Hinsichtlich der Gesamtgröße gehe es nicht um die bloße Schülerzahl, entscheidend für das Erleben der Kinder sei vielmehr die Ausgestaltung der Klassenräume. Und hier setze die Schullandschaft in der Grundschule auf kleine Einheiten aus jeweils drei Klassenräumen mit eigenen Garderoben und Toiletten. Man schaffe sozusagen eine kleine Schule in der Schule, behalte aber alle Synergie-Effekte eines großen, gemeinsamen Gebäudekomplexes.
Professor Schirmer gestand der Bürgerinitiative zwar zu, dass die Idee einer kleinen Schule in der Ortsmitte durchaus Charme habe, weshalb der Standort in der Ortsmitte, wie er sagte, „zwar schön wäre, aber gut für Endorf wäre er nicht“. In der Stadtplanung müssten einfach Fakten von generalisiert formulierten Wunschzielen getrennt werden. Genau diese Faktentreue aber, so bemängelte er an dem Abend, habe ihm bei Vortrag der Bürgerinitiative gefehlt.

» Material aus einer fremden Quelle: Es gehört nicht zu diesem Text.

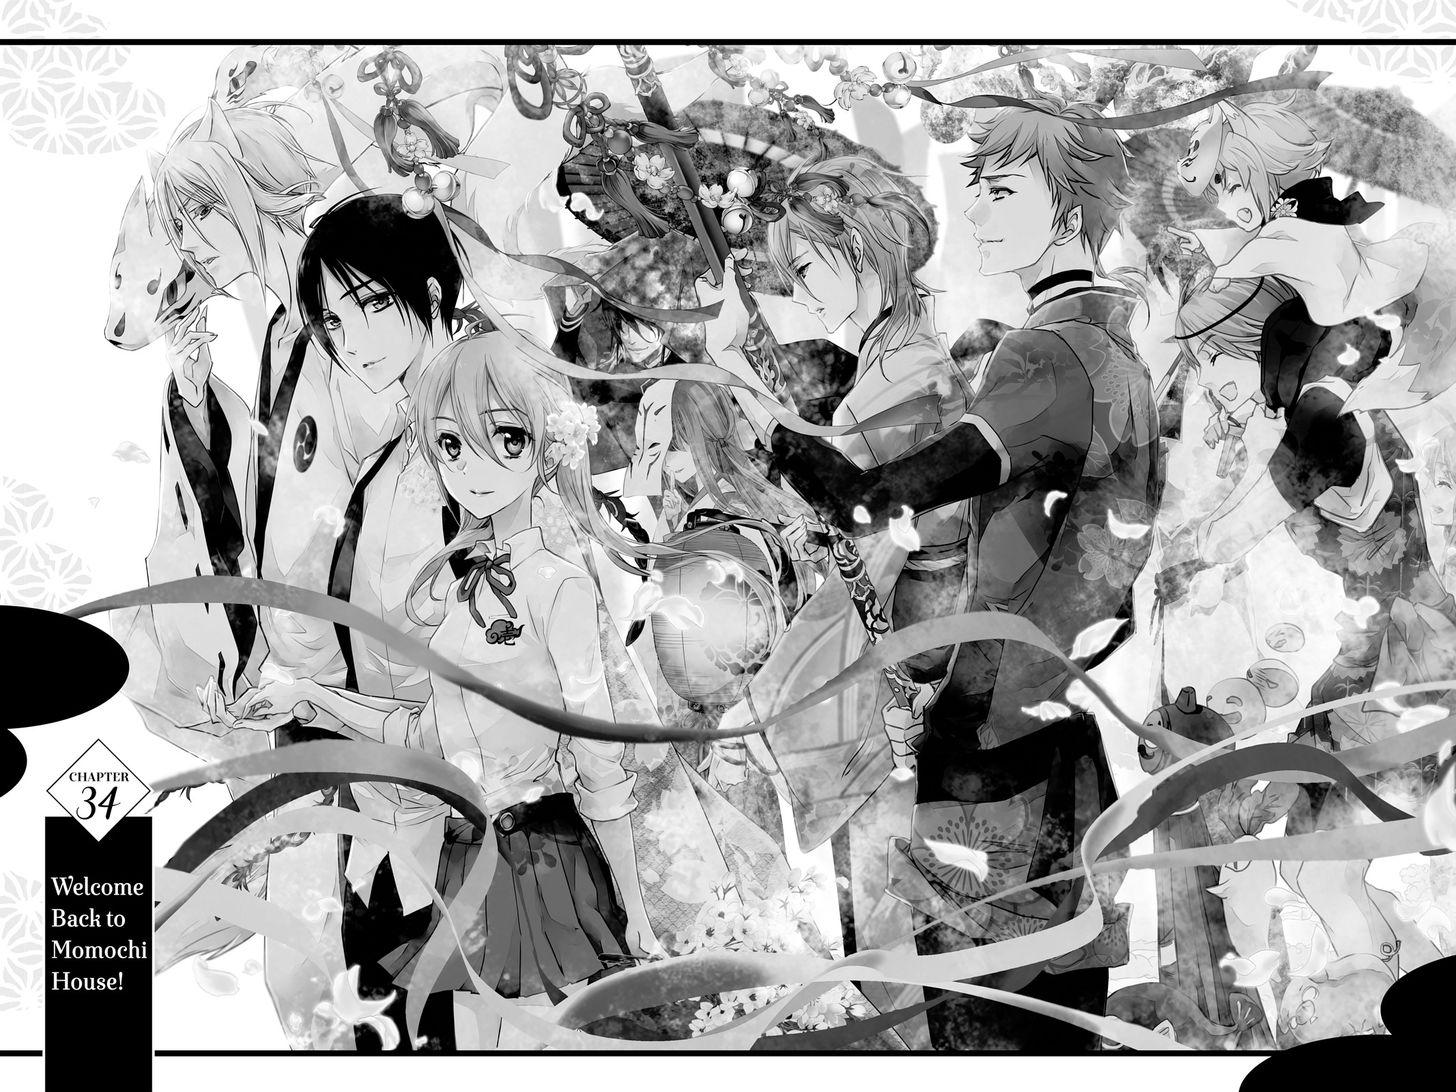 Momochi-san Chi no Ayakashi Ouji 34: Welcome Back to Momochi House! at MangaFox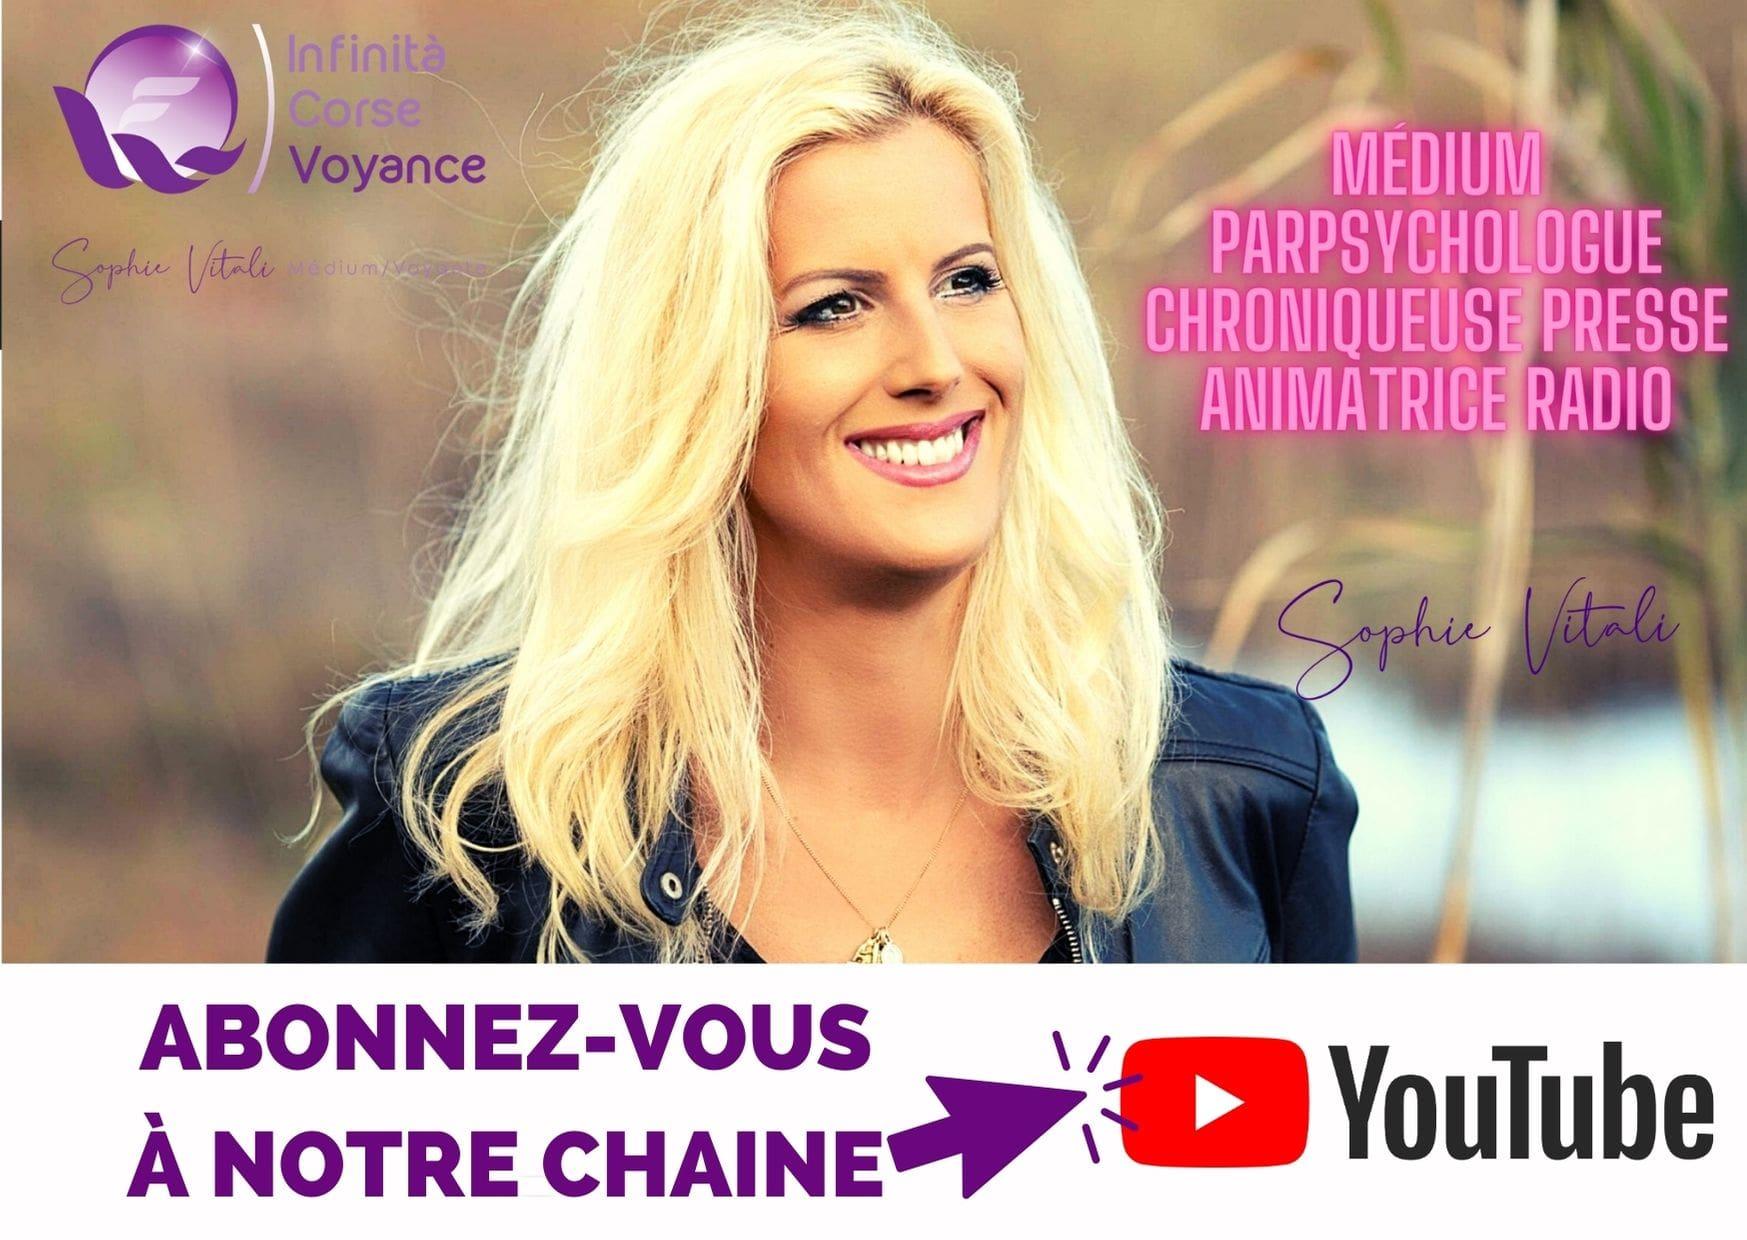 Abonnez-vous à la chaine YouTube : Sophie Vitali Medium Voyante !

Natürlich kam bei der Veranstaltung auch das Thema Schulwegsicherheit zur Sprache, war es doch mit ein Auslöser für das Bürgerbegehren gewesen. Staber ging hier nicht ins Detail, bemängelte aber vor allem, dass die kleinen Grundschulkinder ihren Schulweg mit Älteren teilen müssten, was zu Konflikten führen könnte. Dem widersprach vehement Gemeinderat Alois Loferer (CSU), der sich dagegen verwahrte, die Mittelschulschüler pauschal in Verruf zu bringen: „Das sind keine Bullies, das sind ganz normale Schüler und ebenfalls unsere Kinder“ sagte er.
Ausführlich auf die Schulwegsicherheit ging der Geschäftsleiter der Gemeinde, Martin Mühlnickel ein. Das Problem bei dem Thema sei, „dass Schulweg letztlich überall ist“, weswegen die Schulwegsicherung eine Aufgabe sei, die einfach Zeit brauche. Das Konzept der Gemeinde sei dabei, zunächst bei den neuralgischen Punkten anzufangen und sich dann immer weiter vorzuarbeiten.
Dass der Schulweg aber bis zum Bauabschluss der Schullandschaft – sollte es dazu kommen – als sicher eingestuft werden könne, das sei ein Anspruch, an dem sich die Gemeinde messen lassen werde, so Mühlnickel. Man arbeite kontinuierlich daran und erste Schritte seien auch schon in die Wege geleitet, etwa die Verlängerung der Ampelphase an der Kreuzung beim Endorfer Hof; hier werde der Fußweg auch noch durch Absperreinrichtungen von der Straße getrennt. Andere Vorhaben stünden unmittelbar bevor: Bei der Kreuzung Wasserburger/Landinger Straße werde der Fußweg in Zukunft geradlinig an der Bahn entlang bis zu einem sicheren Übergang weitergeführt, die unsichere Querung im Bereich der Kreuzung entfalle damit.